Happy Valley is an area situated within the hill station of Mussoorie with majority of Tibetans settled in area in Dehradun district, Uttarakhand, India.

==Location==
Happy Valley is near the Indian Administrative Services Academy - Lal Bahadur Shastri National Academy of Administration. Within the valley is a Tibetan Monastery with a clear view of Hathipaon.

Happy Valley is west of Mussoorie’s Dalai Hill and a popular destination to witness both sunrises and sunsets in the Mussoorie area where the mountain ranges of Jaunpur and Nag-Tibba are visible.

==History==
On 18 October 1929 Mahatma Gandhi addressed the European municipal councillors at Mussoorie. At that time he stayed at Birla House in Happy Valley.

One of the landmark events in the history of the Tibetan government in exile in India happened in April 1959 when a young Dalai Lama arrived at Happy Valley. In April 1960, he left Happy Valley for another hill town - Dharamshala in Himachal Pradesh with an entourage of eighty officials of the Tibetan government in exile.
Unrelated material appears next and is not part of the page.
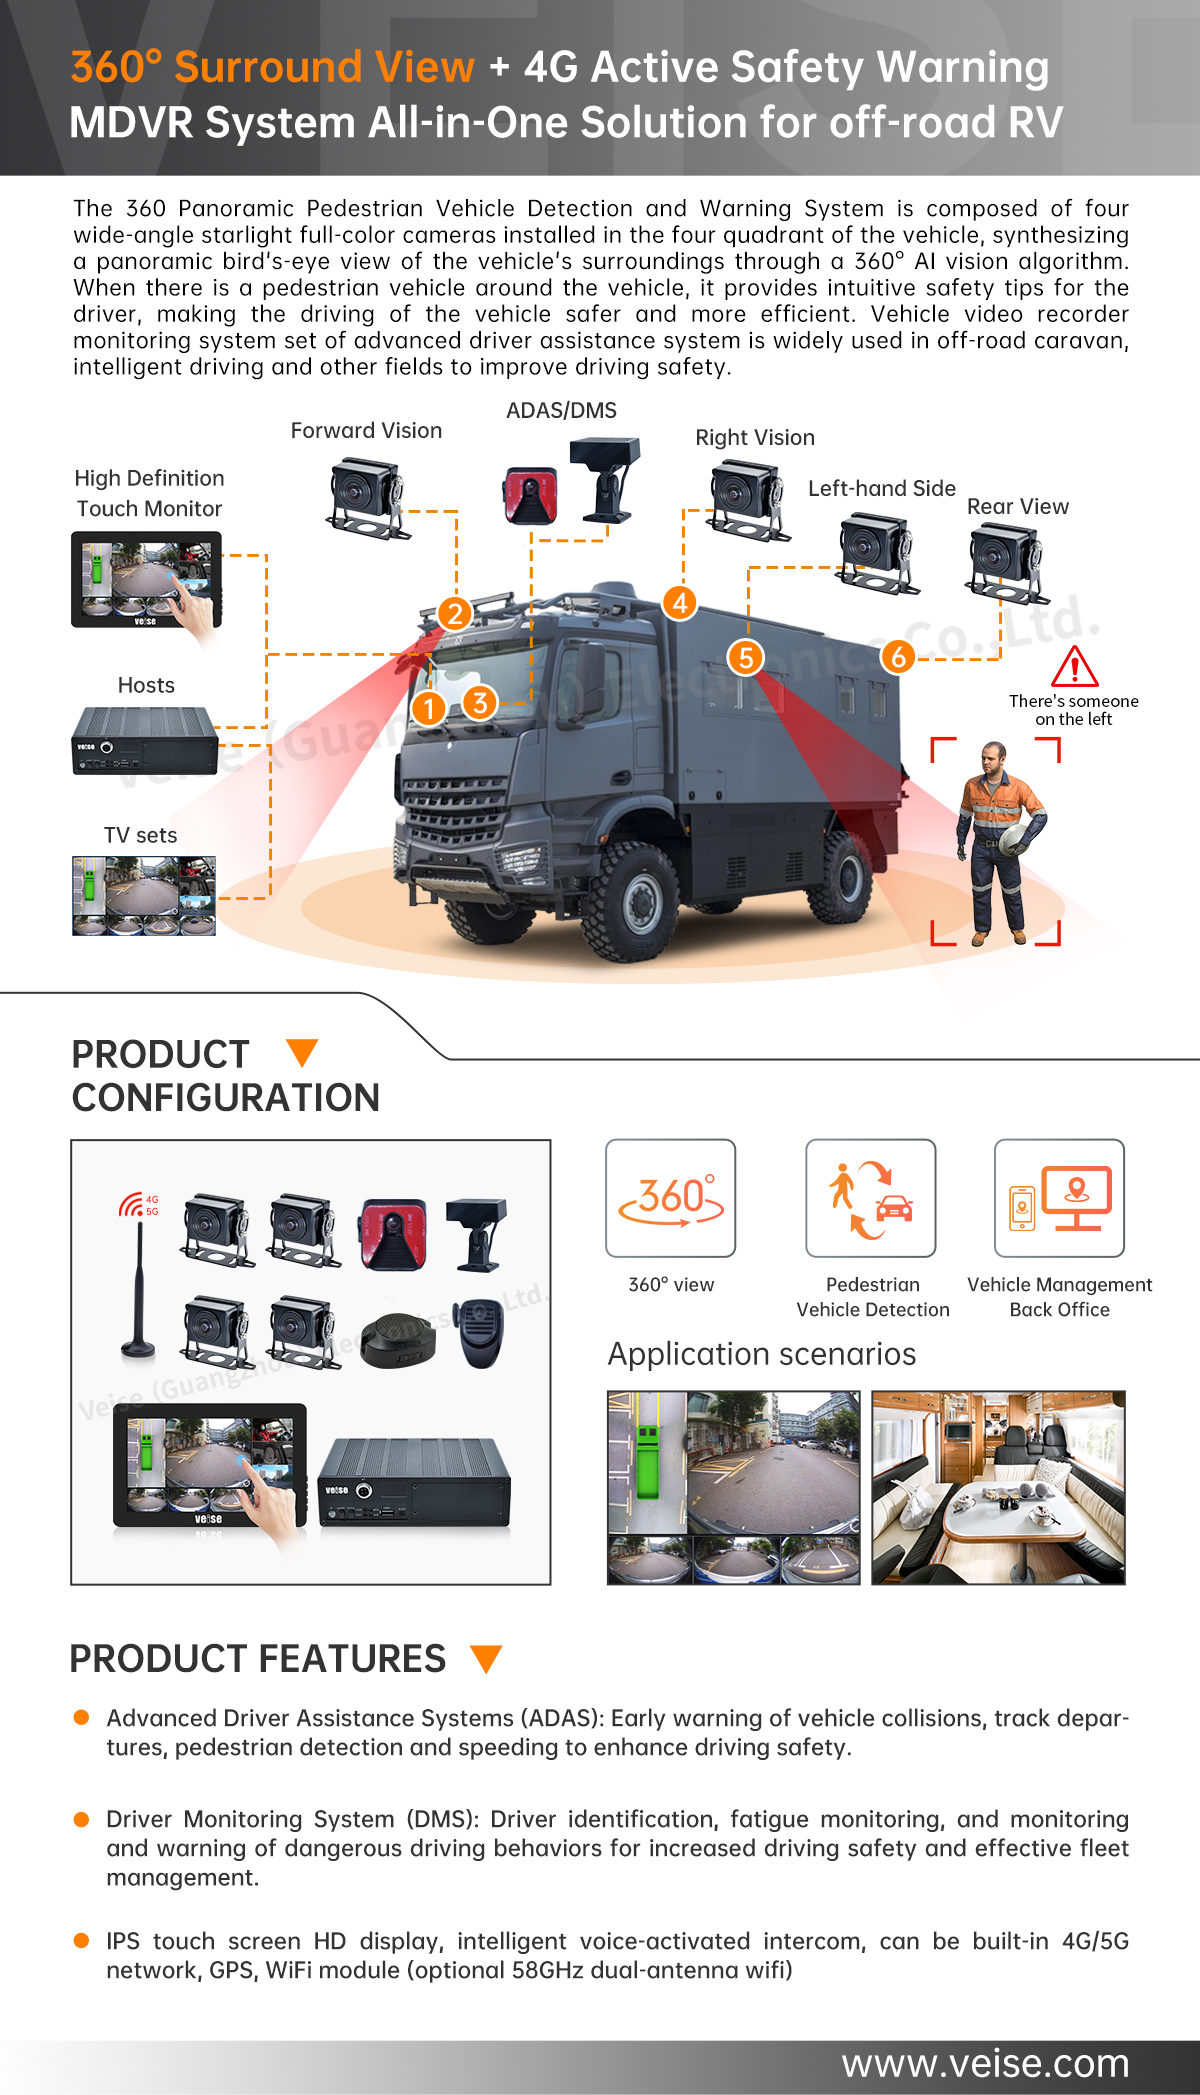 360° Surround View + 4G Active Safety Warning MDVR System All-in-One Solution for off-road RV
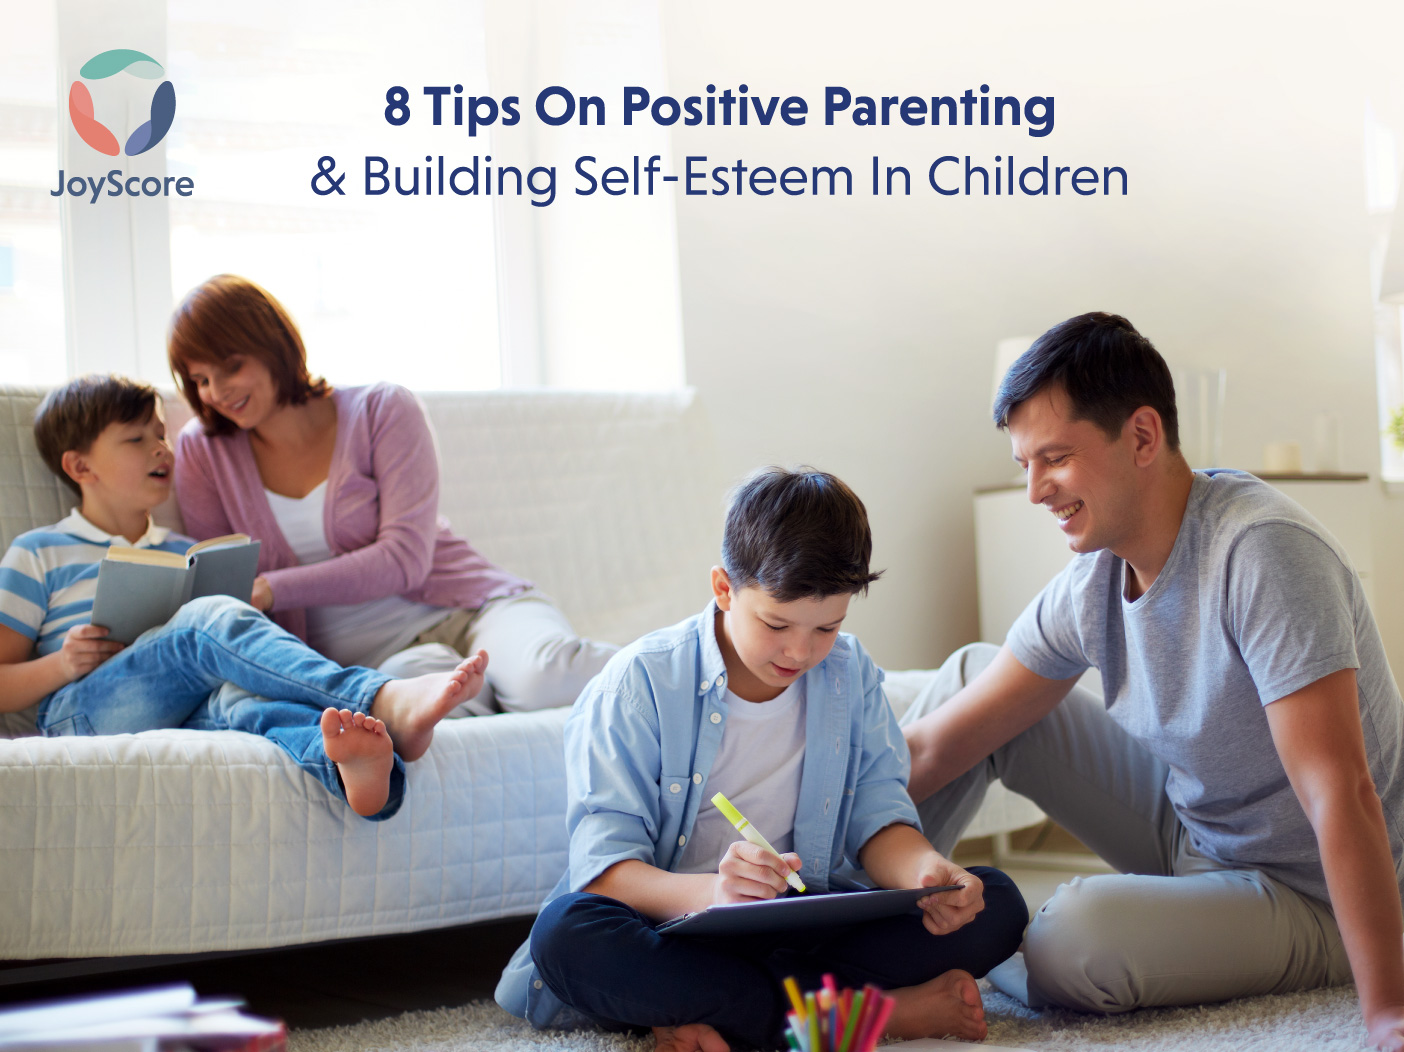 8 Tips On Positive Parenting And How To Build High Self-Esteem In Children

Later, this government-in-exile moved to Dharamshala in Himachal Pradesh leaving behind at Happy Valley, a community of Tibetans who have integrated with the life and culture of Mussoorie, but had built a Buddhist Temple and Tibetan-style homes. As of 2016, Happy Valley still was home to about 5000 Tibetan refugees.

==Characteristics==
Happy Valley has an Indian Administrative Service Academy - The Lal Bahadur Shastri National Academy of Administration. it also has Tibetan Temples and a Municipal Garden. The area of the valley leads to the Cloud's End- a place where the geographical borders of Mussoorie end. The Hathipaon Park Estate is also there.
From Happy Valley can be seen the whole of Mussoorie with George Everest's house on one side and the Himalayan ranges on the other.